I'm glad to announce that two of our publications have been accepted at EMNLP 2020!
- In MultiCQA, we study the zero-shot transfer capabilities of
text matching models on a massive scale, by self-supervised training on 140 source domains from
community question answering forums in English. We surprisingly find that neither domain
similarity nor data size are critical factors for the best zero-shot transferability. We also demonstrate that considering a broad selection of source domains is crucial for obtaining the best zero-shot transfer performances, which contrasts the standard procedure that merely relies on the largest and most similar ones.
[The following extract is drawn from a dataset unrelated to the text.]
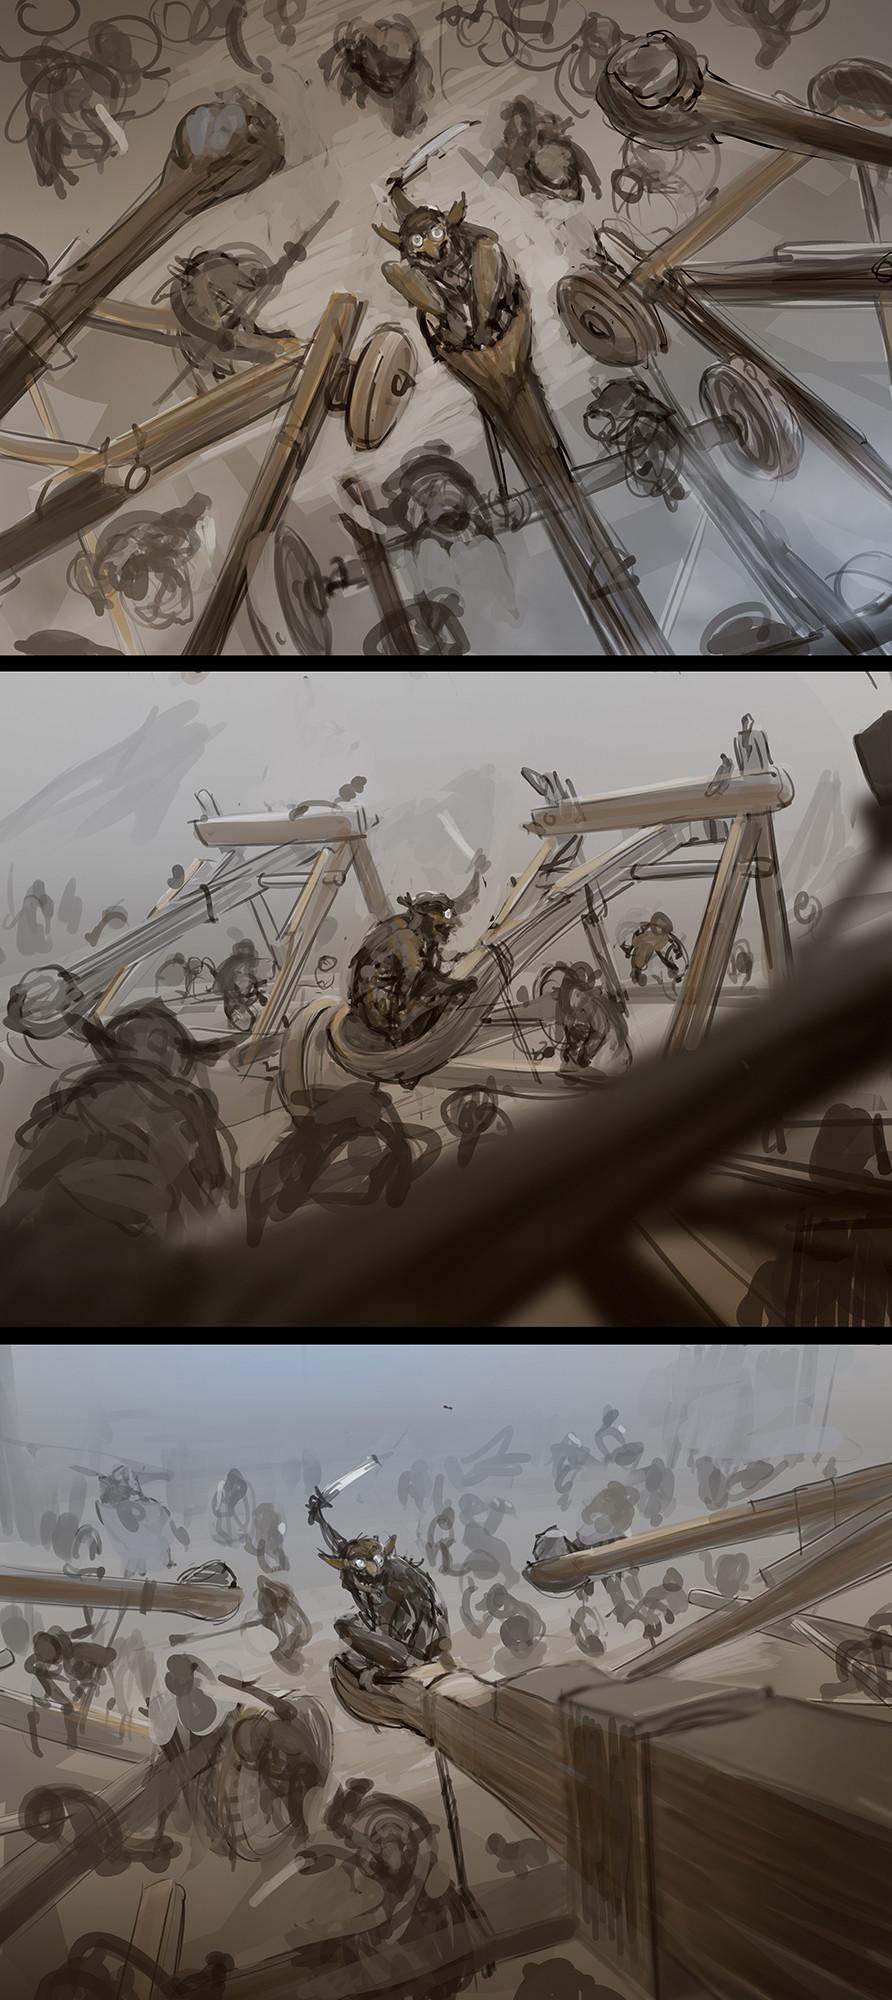 Bram sels wotc goblin barrage bram sels sketches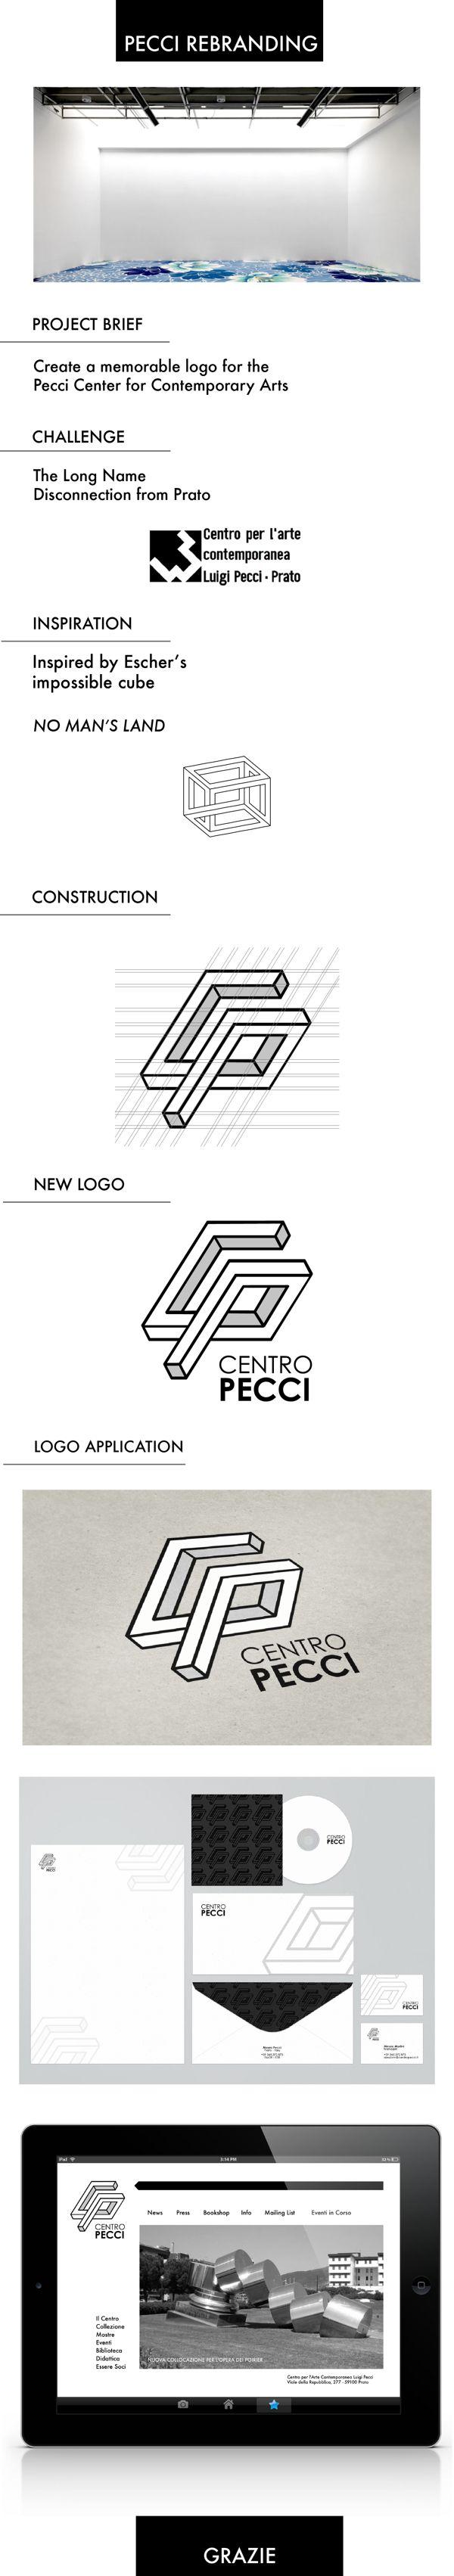 Rebranding Centro Pecci by Nagla Gaafar, via Behance

We extensively study how to best combine multiple source domains and propose incorporating self-supervised with supervised multi-task learning.
Our MultiCQA model trained on all available source domains
considerably outperforms in-domain BERT on six out of nine benchmarks.
- In AdapterHub, we present a novel framework for adapting transformers, built on top of the popular HuggingFace Transformers library.
AdapterHub covers the entire lifecycle of training, sharing, and reusing adapter models in state-of-the-art pre-trained transformers such as BERT, RoBERTa, and XLM-R.
AdapterHub provides researchers with a unified interface to the most recent adapter architectures and composition techniques, and it allows dynamic "stitching-in" of pre-trained adapters for different tasks and languages.
Researchers can easily export their adapters and share them with the community through our central repository.